木暮 1つの目標として、1次リーグ突破というのは、僕だけじゃなくて全員が思っていましたし、それ1勝、勝利というところは、必ず達成しないといけない目標だったと思うので、1勝もできなかったというのは残念でしたね。たくさんのサポーターのみんなが現地まで来てくれて、これ管区てもインターネッットやテレビで見てたりとか横断幕作ってくれたりとか、そういう応援してくれた方に応えるには、やはり勝利というのが一番感謝を表すことだったので、本当に申し訳ないという気持ちですね。

Pivo! 対戦して日本での試合との違いは感じましたか?

木暮 それは当然日本でやってるものとは全然違いますけど、行く前のアルゼンチン戦でサンチェスやプラナスとかと2試合やれたから、ヨーロッパでやってる選手に対して多少慣れることができたのかな。
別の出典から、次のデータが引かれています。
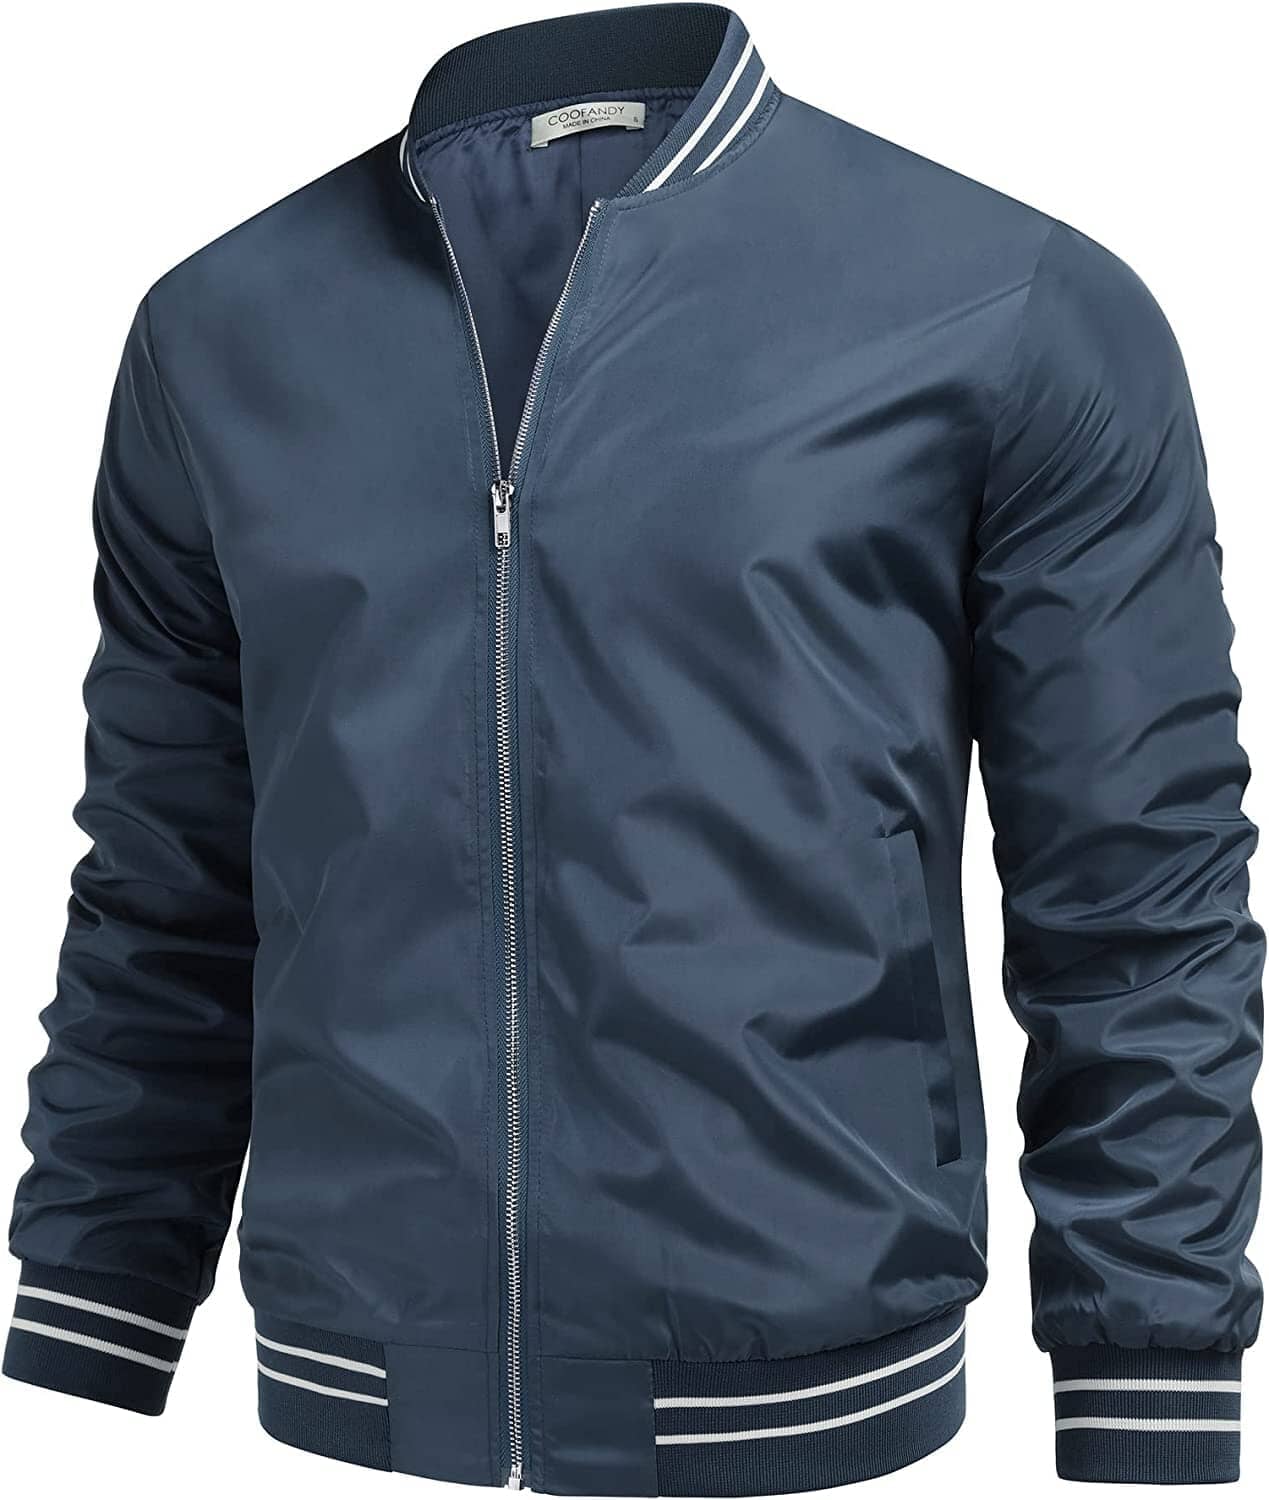 Lightweight Windbreaker Full Zip Jacket (US Only) Jackets COOFANDY Store Dark Blue S

それに体の大きさとか間合いというのは、日本人と違うから、アルゼンチンと2試合することによって、世界選手権に結構スムーzに入れましたね。

Pivo! パラグアイ戦ですが、最後の最後で逆転されました。任本は何が足りなかったんでしょうか?

木暮 やっぱりそこが力の差だったりとか、まだ自分たちの足りないところなのかな。もし立場が逆で全く同じ場面でってなったときに、日本の選手だったら決めれるかってところですよね。たぶん入らないなって思うし。同点のゴールも冷静にキーパーの股狙っているし、最後の場面なんてトップスピードの中からニアの上に強いシュートを打っているっていうのは素直に力があるんだなぁって思いますよ。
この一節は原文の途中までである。